EDcl no RECURSO ESPECIAL Nº 1936815 - RS (2021/0135884-2)

RELATOR : MINISTRO HERMAN BENJAMIN

EMBARGANTE : TELEVISAO TIBAGI LTDA

ADVOGADOS : CARLOS HENRIQUE DE MATTOS SABINO - PR036546 MARIA LUIZA CARVALHO DE ALMEIDA LEITE - PR078243 EMBARGADO : FAZENDA NACIONAL

DECISÃO

Cuida-se de Embargos de Declaração opostos contra decisão monocrática de fls. 267-268, e-STJ, que não conheceu do Recurso Especial da ora embargante, em razão de ser a matéria eminentemente constitucional.

O Recurso Especial (art. 105, III, "a", da Constituição da República) foi interposto contra acórdão do Tribunal Regional Federal da 4ª Região assim ementado:

TRIBUTÁRIO. CONTRIBUIÇÃO PREVIDENCIÁRIA SOBRE A RECEITA BRUTA EM SUBSTITUIÇÃO À FOLHA DE SALÁRIOS. LEI N. 12.546/1 1. BASE DE CÁLCULO. EXCLUSÃO DO PIS/COFINS E CPRB. IMPOSSIBILIDADE.

Não tem o contribuinte o direito de excluir os valores atinentes à contribuição ao PIS e à COFINS da base de cálculo da Contribuição Previdenciária Sobre a Receita Bruta (CPRB).

A parte recorrente alega que houve violação dos arts. 489 e 1.022 do CPC/2015 e 110 do CTN. Pleiteia, em síntese, a exclusão do PIS/COFINS da base de cálculo da CPRB.

Nas razões do seus Embargos de Declaração, a embargante afirma que houve omissão "acerca do posicionamento do STF no RE n. 1.244.117, que firmou o caráter infraconstitucional da matéria discutida no Recurso Especial" (fl. 273, e-STJ).

Sem impugnação.

É o relatório.

Decido.

Os autos foram recebidos neste Gabinete em 5/8/2021.

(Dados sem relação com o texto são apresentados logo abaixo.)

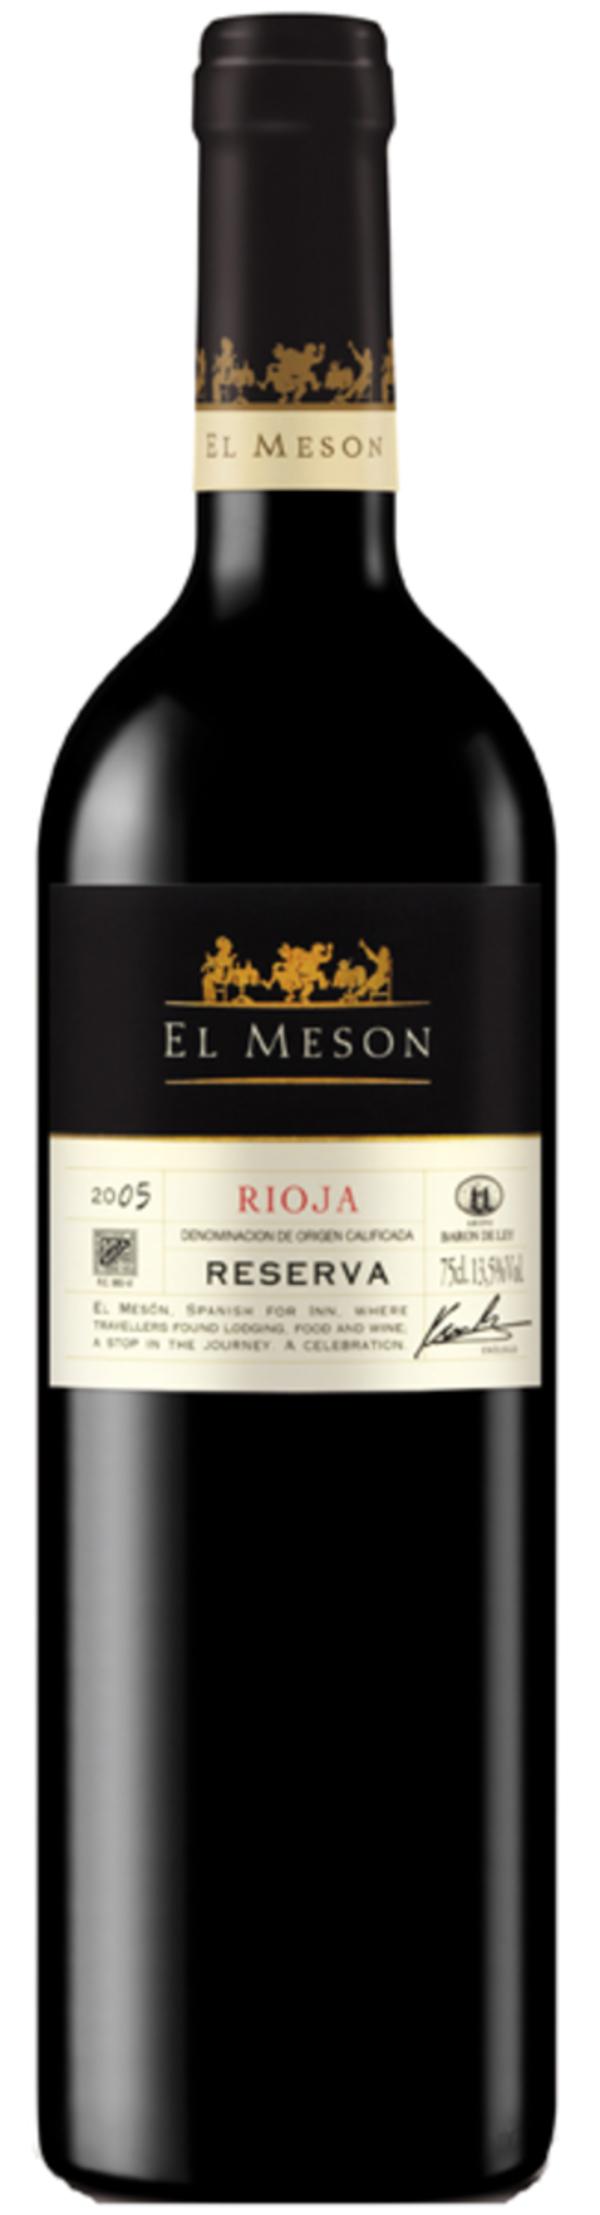 El Meson Rioja Reserva Tempranillo Rotwein 2015 0,75 ltr

A discussão consiste em saber se o conceito de receita bruta dado pelo art. 12 do Decreto-Lei 1.598/1977, com a nova redação dada pela Lei 12.973/2014, viola o art. 110 do CTN.

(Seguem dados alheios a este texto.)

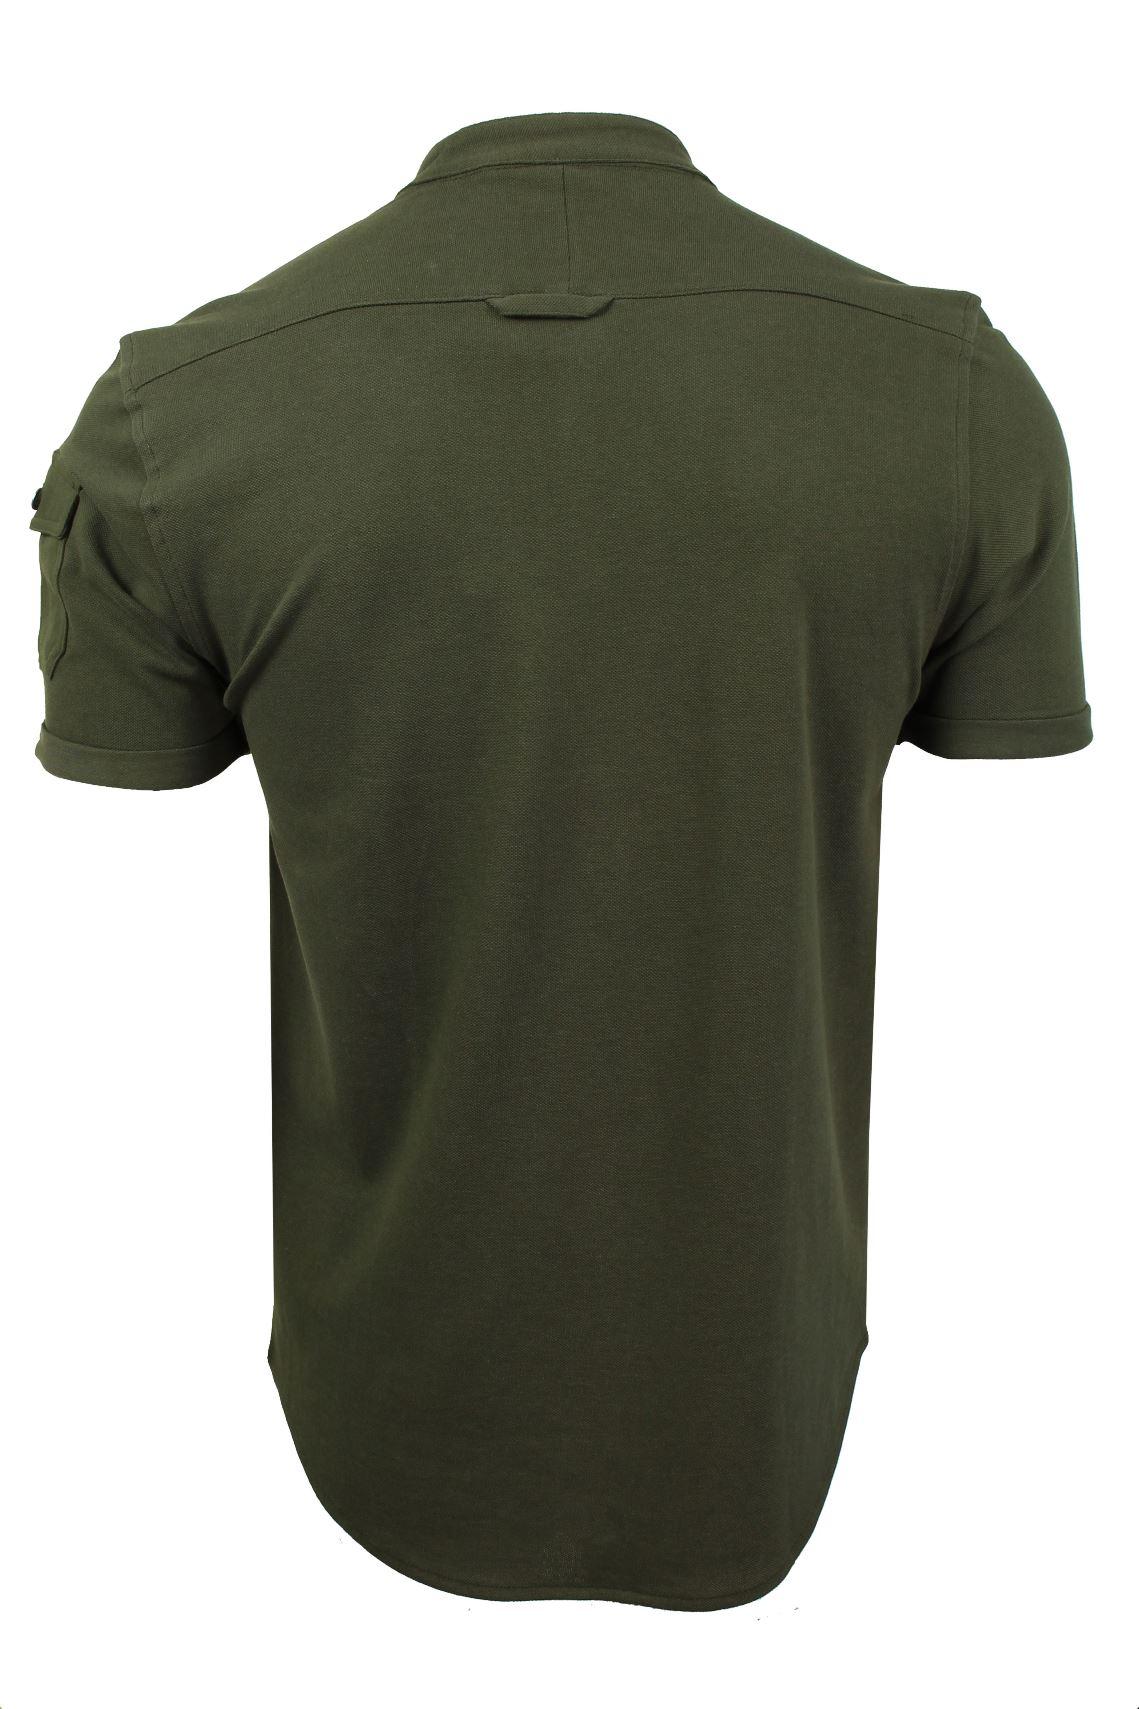 Mens-Grandad-Collar-Pique-Shirt-by-Brave-Soul-039-Joey-039 thumbnail 8

A Lei 9.718/1998, ao dispor sobre a base de cálculo do PIS e da CONFINS, traz a seguinte redação:

Art. 2° - As contribuições para o PIS/PASEP e a COFINS, devidas pelas pessoas jurídicas de direito privado, serão calculadas com base no seu faturamento, observadas a legislação vigente e as alterações introduzidas por esta Lei.

Art. 3º - O faturamento a que se refere o art. 2º compreende a receita bruta de que trata o art. 12 do Decreto-Lei nº 1.598, de 26 de dezembro de 1977. (Redação dada pela Lei nº 12.973, de 2014).

O STF tratou do conceito de receita bruta ao julgar o RE 1.187.264 (Tema 1.048), com acórdão publicado em 20/5/2021, oportunidade em que fixou a seguinte tese: “É constitucional a inclusão do Imposto Sobre Circulação de Mercadorias e Serviços – ICMS na base de cálculo da Contribuição Previdenciária sobre a Receita Bruta – CPRB."

Registre-se a similaridade com a presente demanda, uma vez que no RE 1.187.264 também se discutia o conceito de receita bruta e a empresa sustentava a impossibilidade de inclusão do ICMS na base de cálculo da CPRB, por não ser definitivo o ingresso dos valores no patrimônio da pessoa jurídica. Alegava, também, que deveria ser aplicada ao caso a mesma tese firmada no RE 574.706 (Tema 69 da Repercussão Geral), em que o Plenário declarou que o ICMS não deve compor a base de cálculo do PIS e da COFINS.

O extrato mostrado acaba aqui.